• _Supplied information_
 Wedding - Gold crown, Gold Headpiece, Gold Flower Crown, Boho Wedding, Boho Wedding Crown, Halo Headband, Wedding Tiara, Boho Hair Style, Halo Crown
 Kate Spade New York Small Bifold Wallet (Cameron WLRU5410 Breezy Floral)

* * *

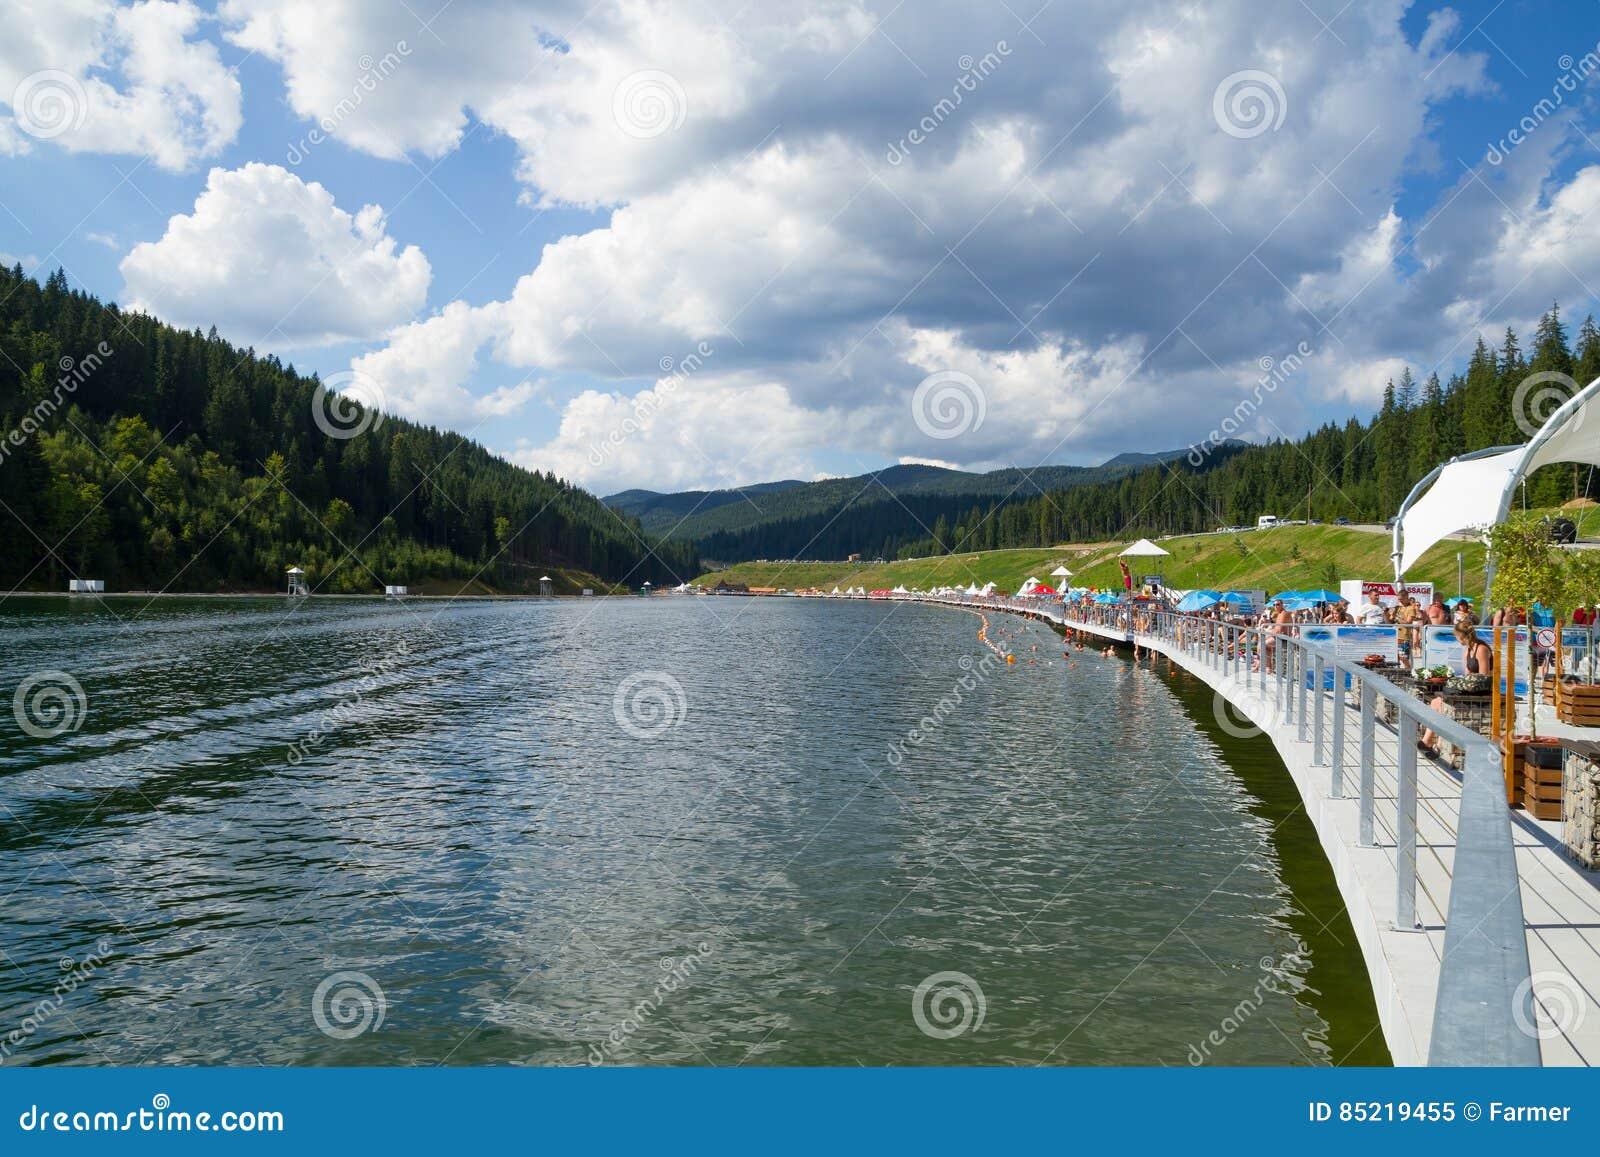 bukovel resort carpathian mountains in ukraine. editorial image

--

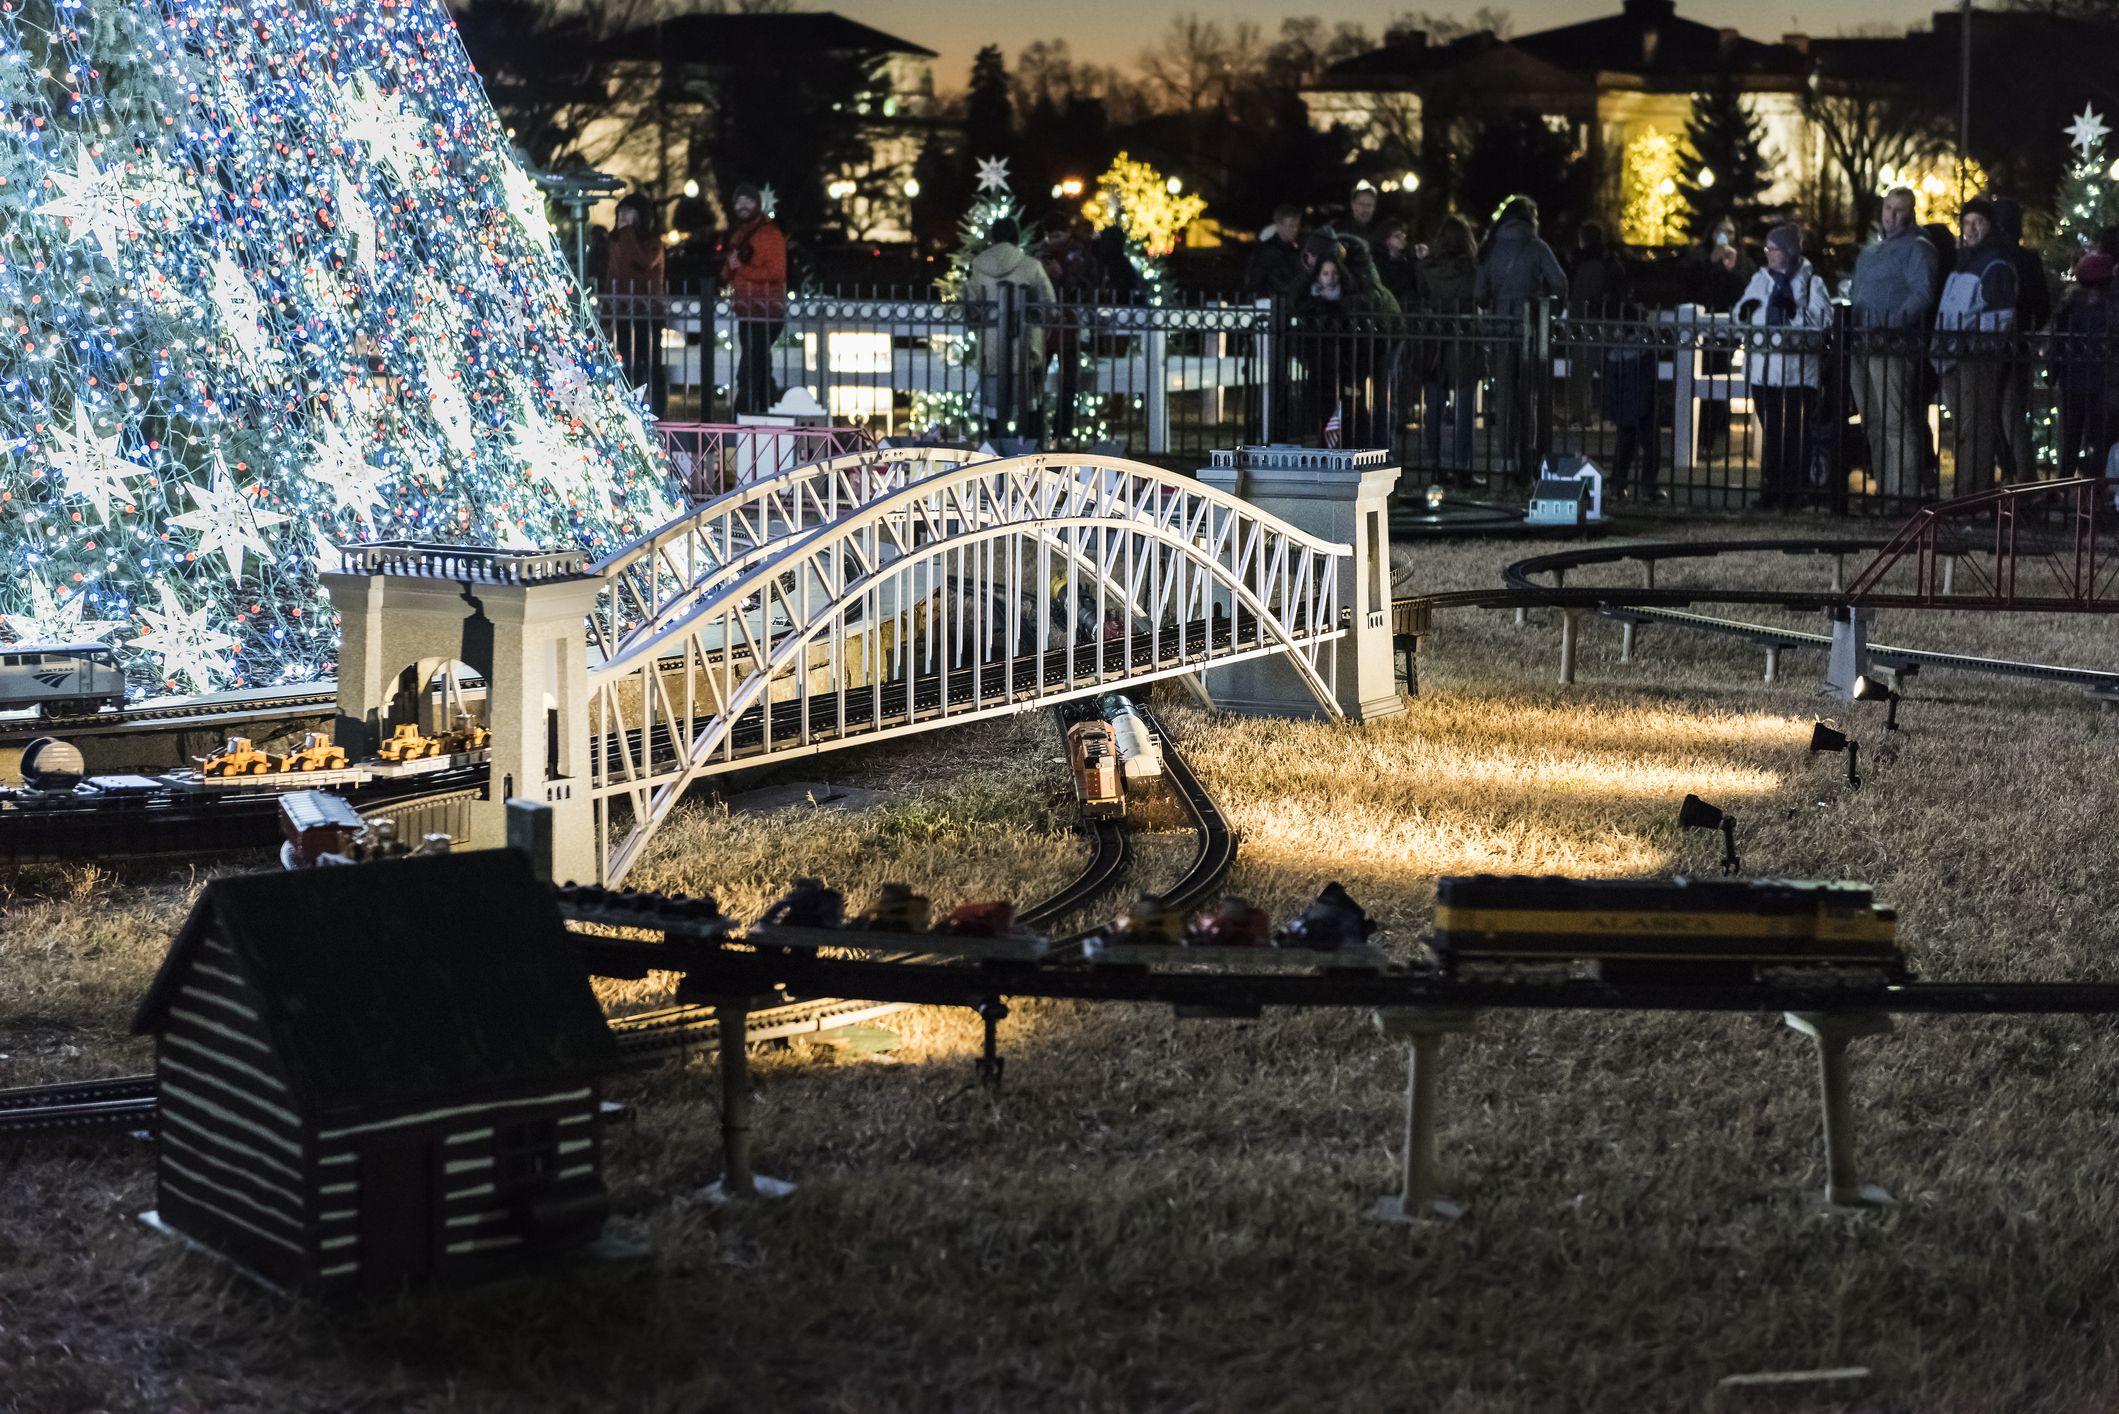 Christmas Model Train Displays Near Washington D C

• _Exercise_
Only the lines above from the line with "Wedding - Gold" to the line with "Kate Spade New", those two lines included, should be reproduced exactly.

• _Written solution_
 Wedding - Gold crown, Gold Headpiece, Gold Flower Crown, Boho Wedding, Boho Wedding Crown, Halo Headband, Wedding Tiara, Boho Hair Style, Halo Crown
 Kate Spade New York Small Bifold Wallet (Cameron WLRU5410 Breezy Floral)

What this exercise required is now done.